La Valnerina si trova in Umbria in provincia di Perugia, a ridosso della provincia di Terni.Valnerina veduta da Montefranco

La prima meta è Montefranco dove stabiliamo la nostra base. Si tratta di un borgo medievale di origine longobarda arroccato su un colle che domina le valli sottostanti, ideale per riposare in tranquillità.

Montefranco
Monfefranco – il borgo

I tesori della Valnerina: il borgo di Arrone

Arrone – i vicoli

Un altra perla della Valnerina è Arrone.
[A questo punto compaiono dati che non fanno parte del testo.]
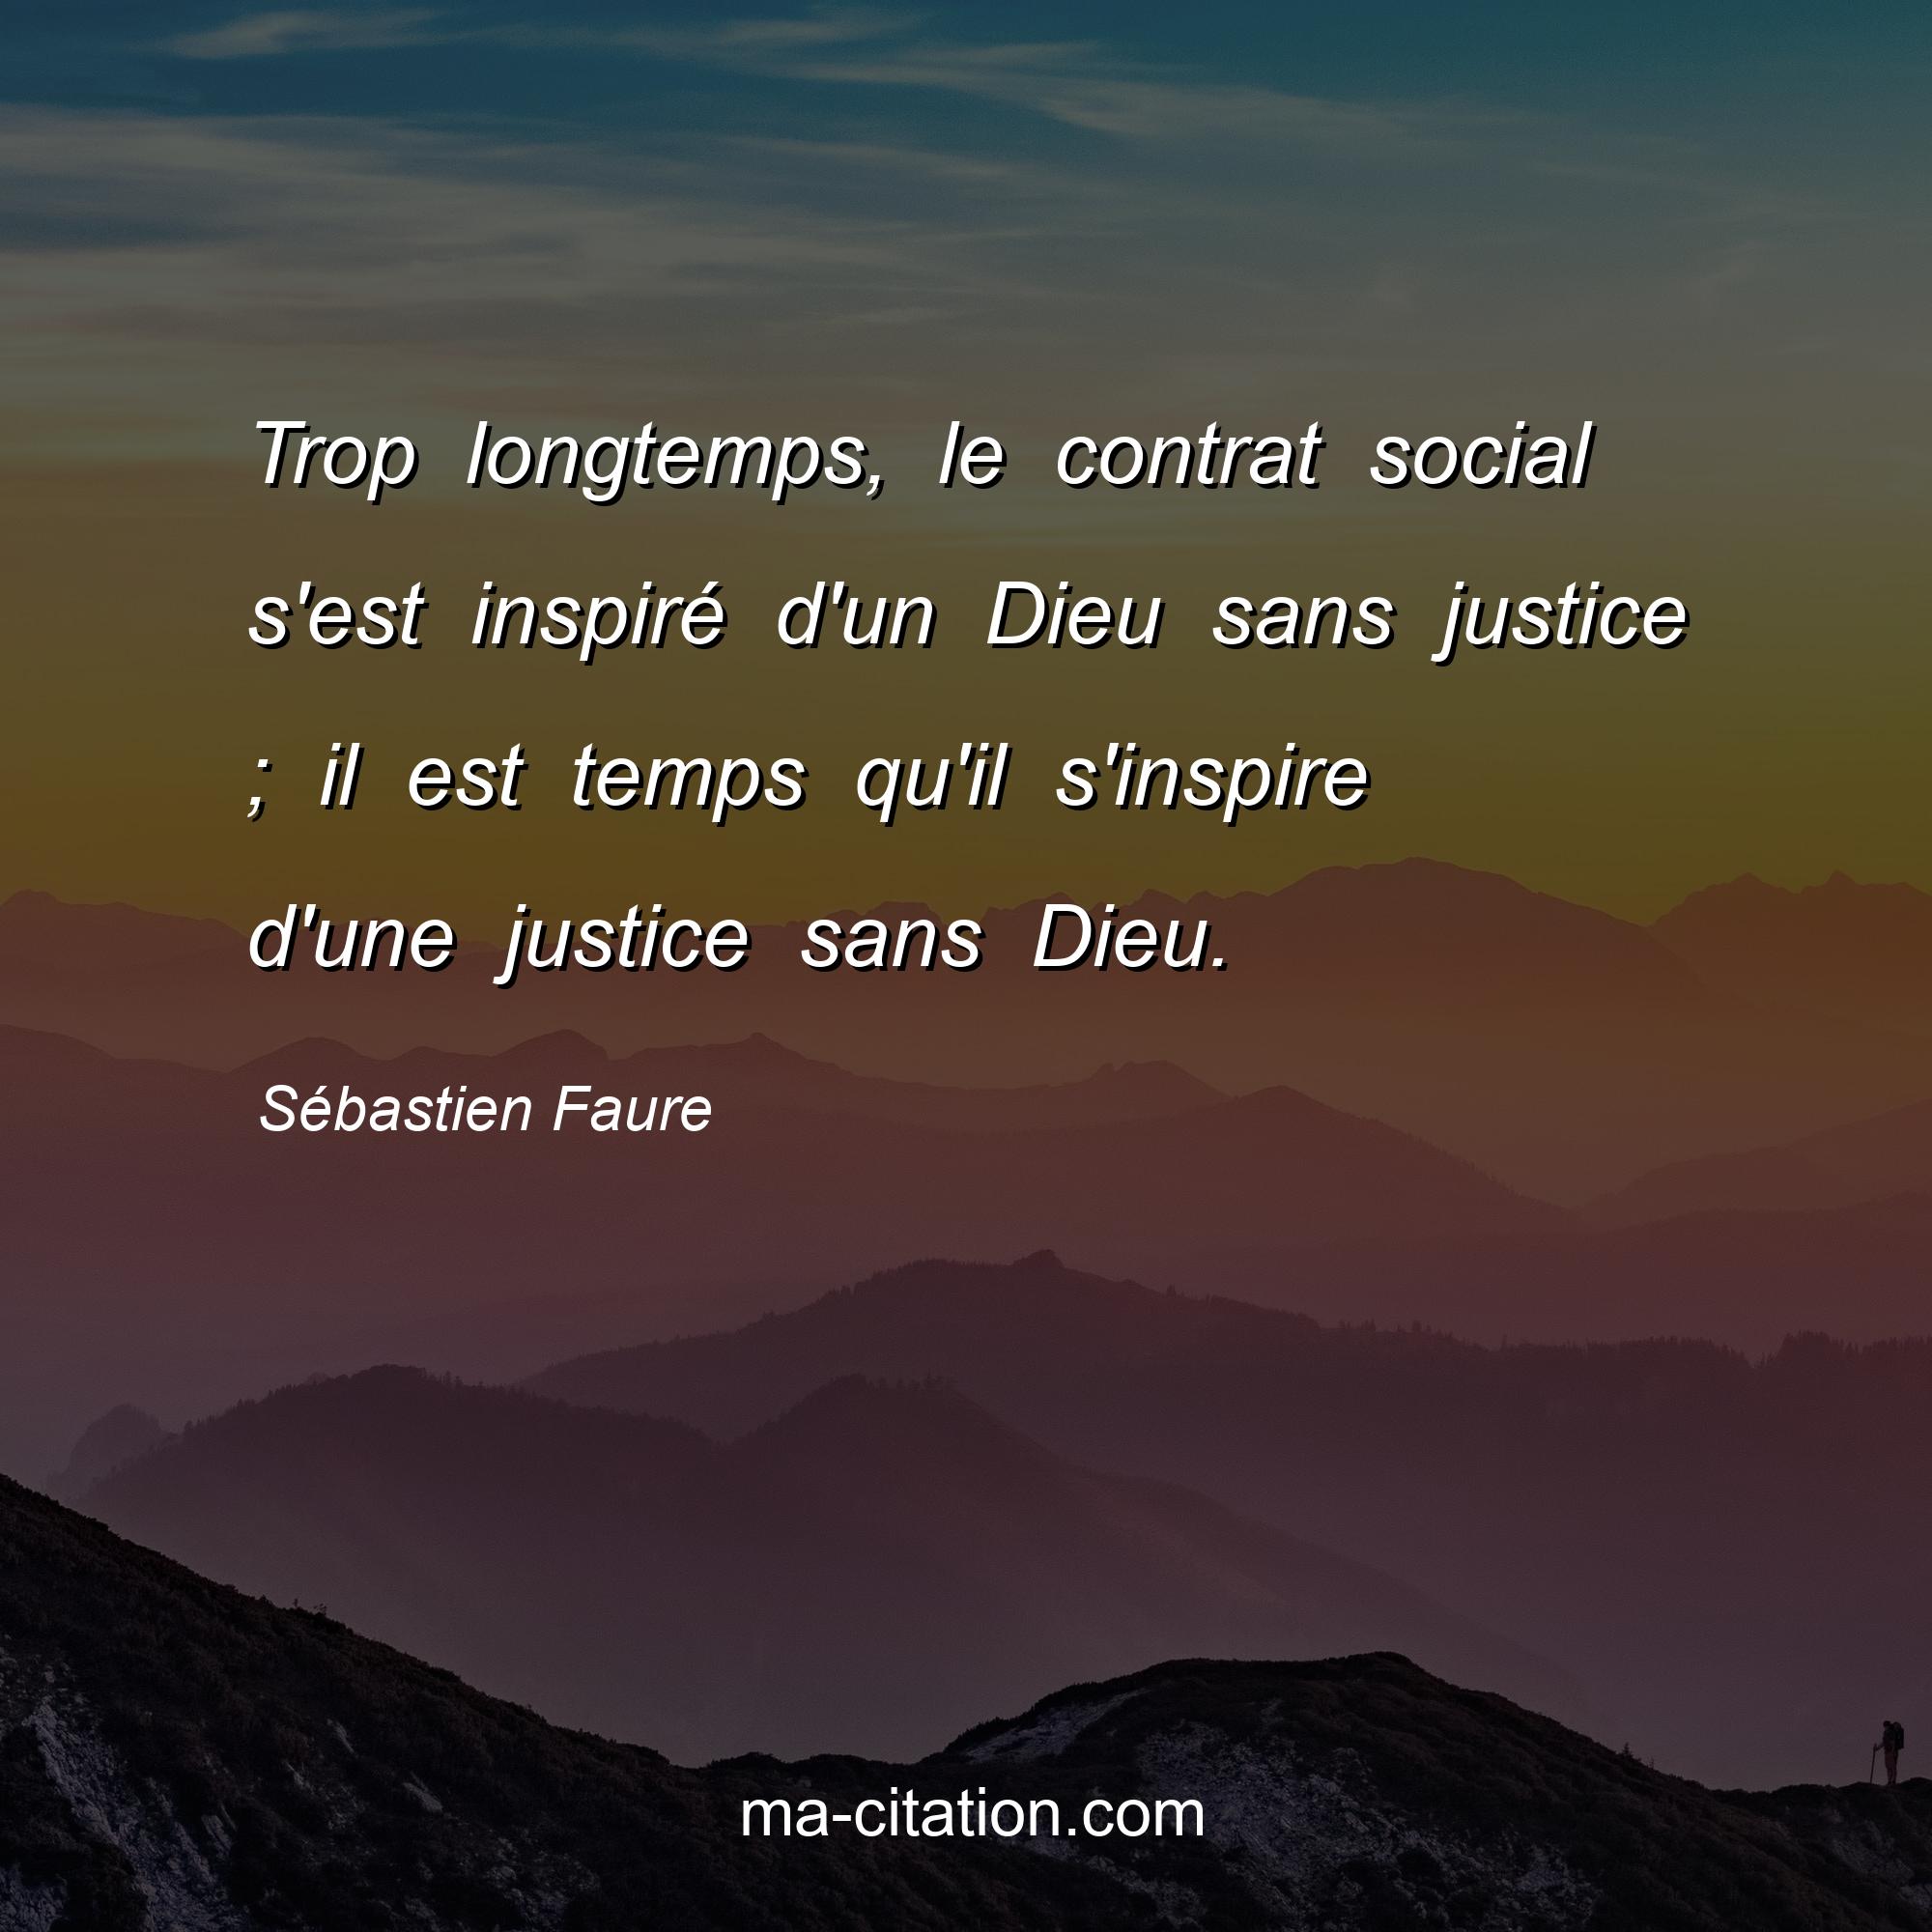 Sébastien Faure : Trop longtemps, le contrat social s'est inspiré d'un Dieu sans justice ; il est temps qu'il s'inspire d'une justice sans Dieu.

E’nel novero dei borghi più belli d’Italia e fonda le sue radici nel IX secolo. La salite al nucleo storico permette di apprezzare i vicoli medievali perfettamente conservati. Sembra veramente di essere al tempo dei longobardi!

Ritorniamo alla base di Montefranco. il giro per i vicoli alle luci dei lampioni è suggestivo e ci prepara alla cena presso il Ristorante Il tralcio e l’uva attiguo all’albergo.

Le mummie di Ferentillo

Ferentillo – la rocca di Precetto

La Valnerina ci riserva altre sorprese.  Nelle vicinanze di Montefranco sorge Ferentillo, borgo diviso tra due rocche, anche queste di origini longobarde, Precetto e Matterella. Una delle particolarità del borgo è che al di sotto della chiesa di Precetto è situato il museo delle mummie (qui).

Spoleto

Lasciamo la Valnerina per dedicarci ad una delle più belle città dell’Umbria Spoleto.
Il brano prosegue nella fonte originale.